## Recorded data:
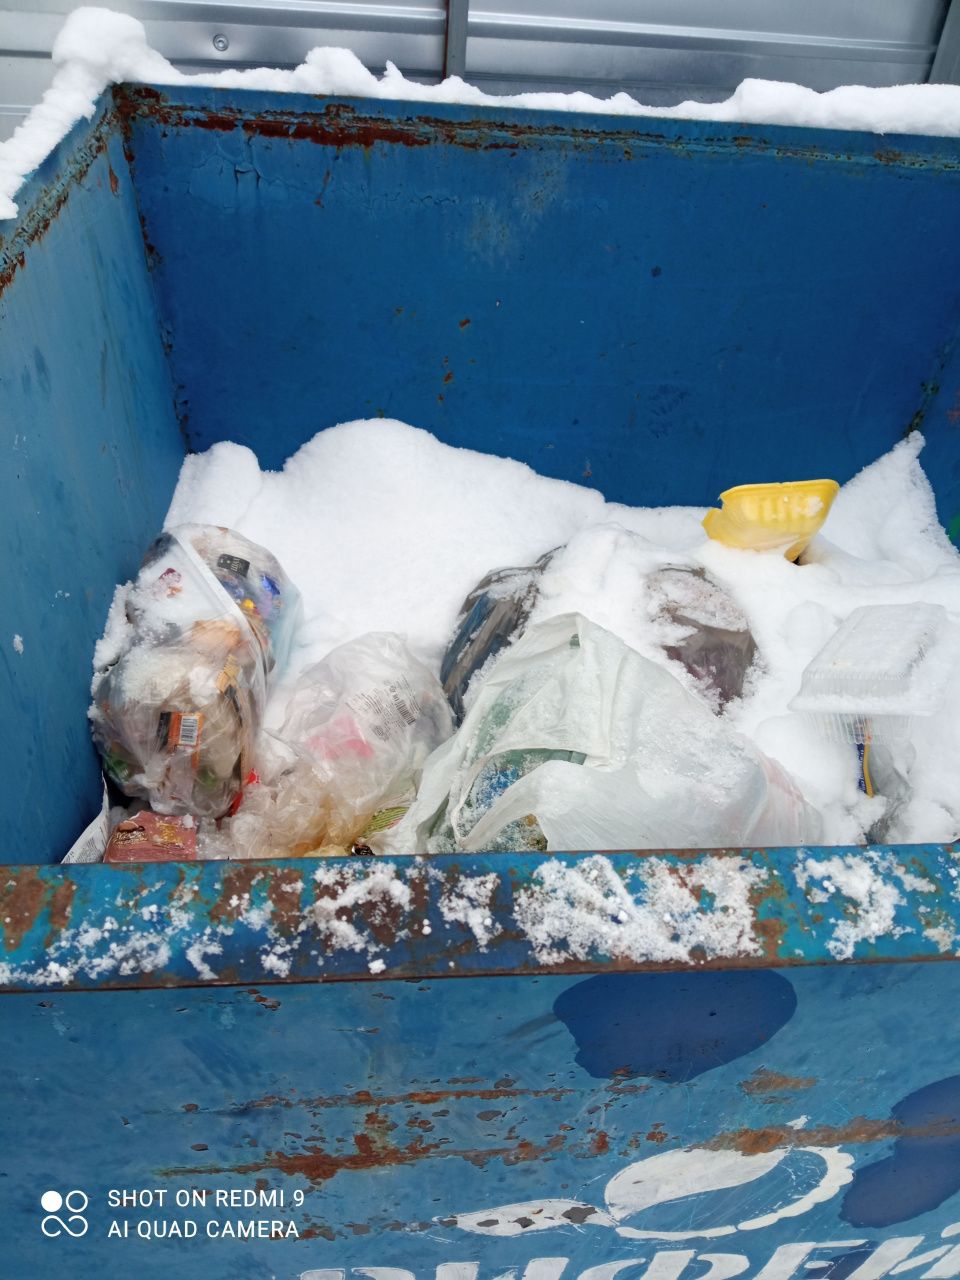 Жительница Всеволодо-Благодатского: мусоровозы приезжают два раза в неделю, но мусор не забирают. Воздух возят?
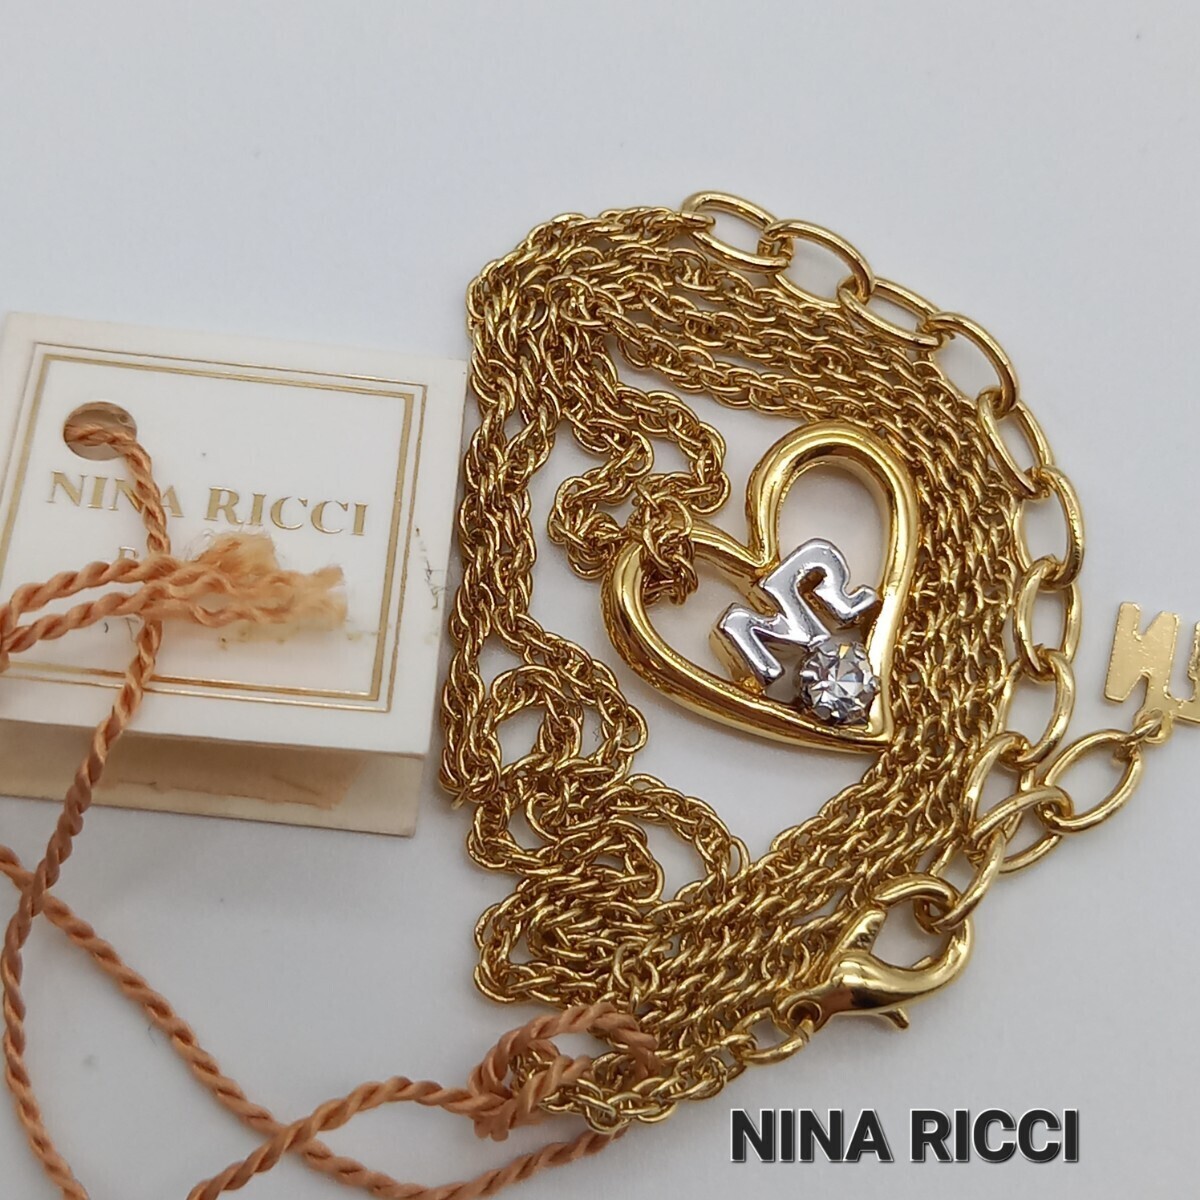 1 jpy ANNE KLEIN CAROLEE NINA RICCI MONET ORENA necklace earrings brooch Anne Klein Nina Ricci monekyaro Lee o Rena pearl 
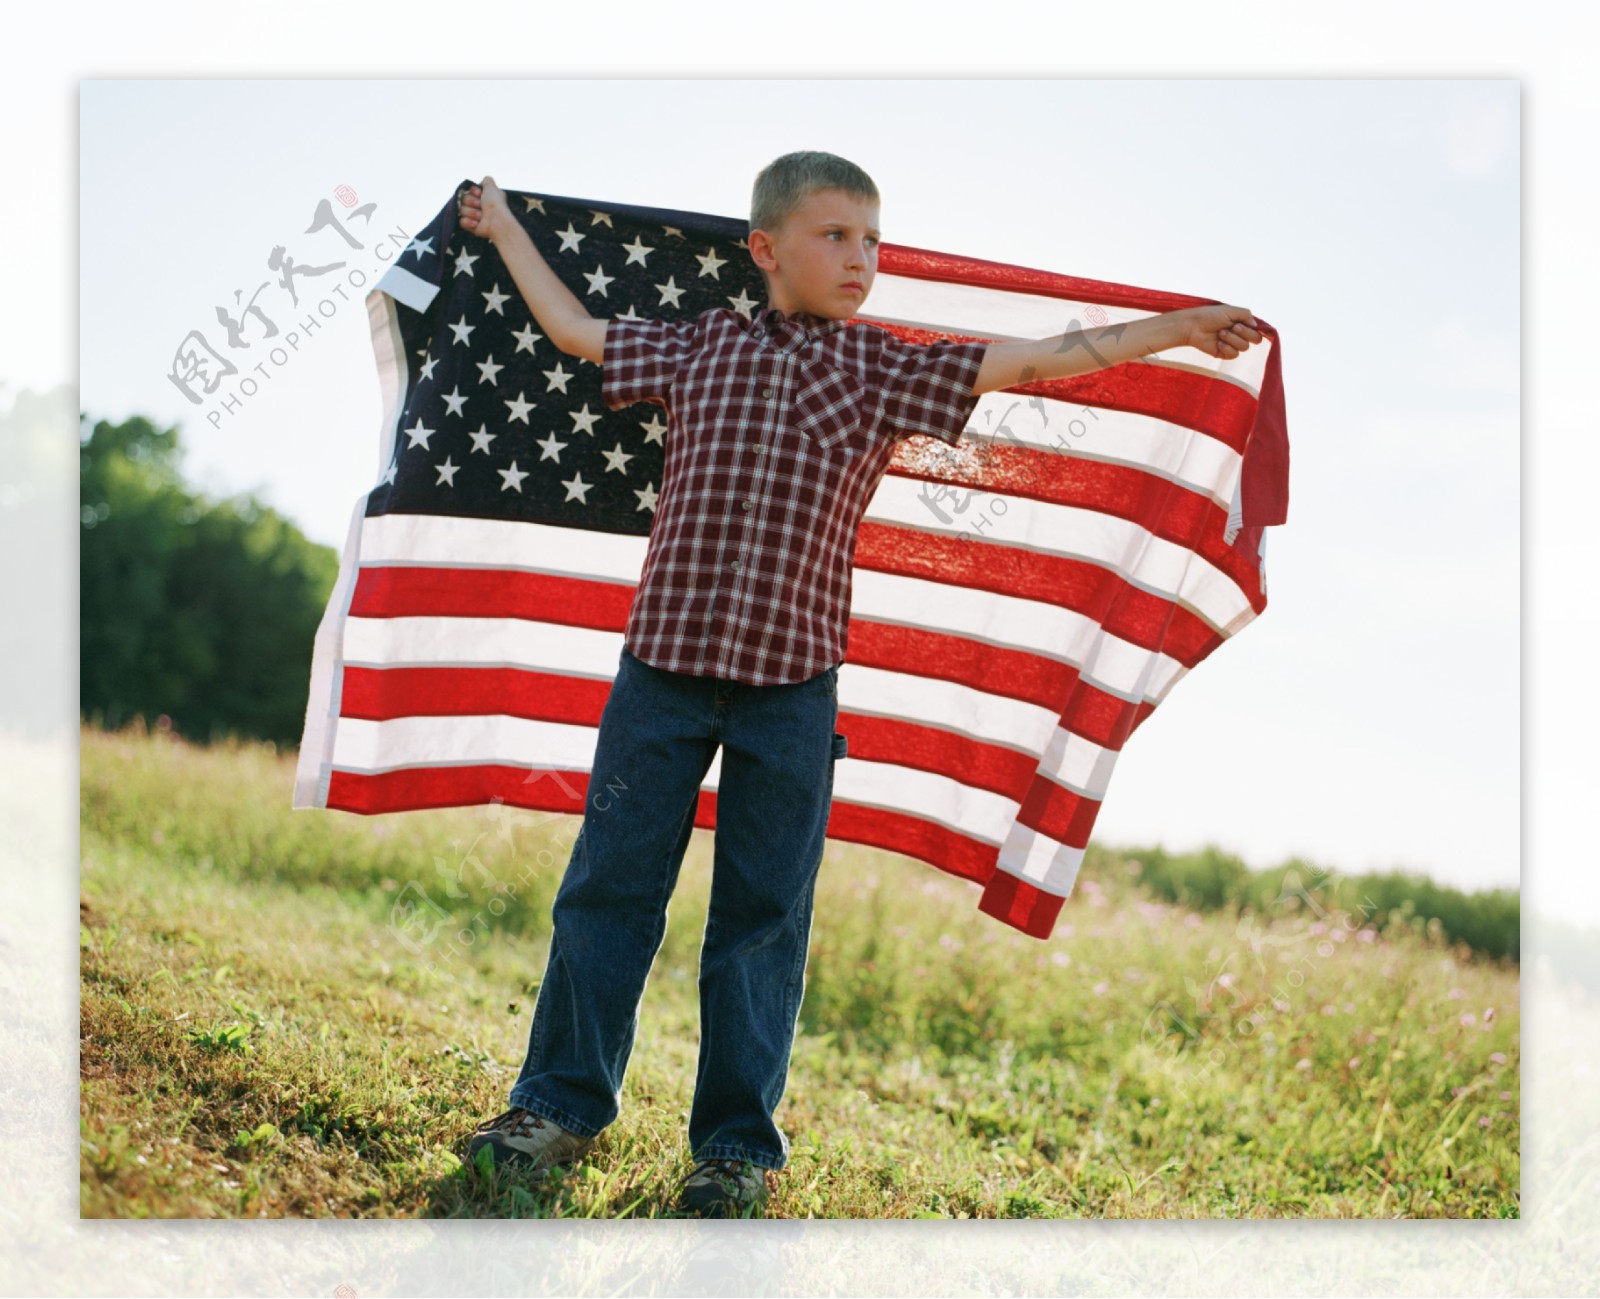 披着国旗的男孩图片

## Task instructions:
Everything in the material above should be reproduced exactly, except the pictures.

## Task result:
 Жительница Всеволодо-Благодатского: мусоровозы приезжают два раза в неделю, но мусор не забирают. Воздух возят?
 1 jpy ANNE KLEIN CAROLEE NINA RICCI MONET ORENA necklace earrings brooch Anne Klein Nina Ricci monekyaro Lee o Rena pearl 
 披着国旗的男孩图片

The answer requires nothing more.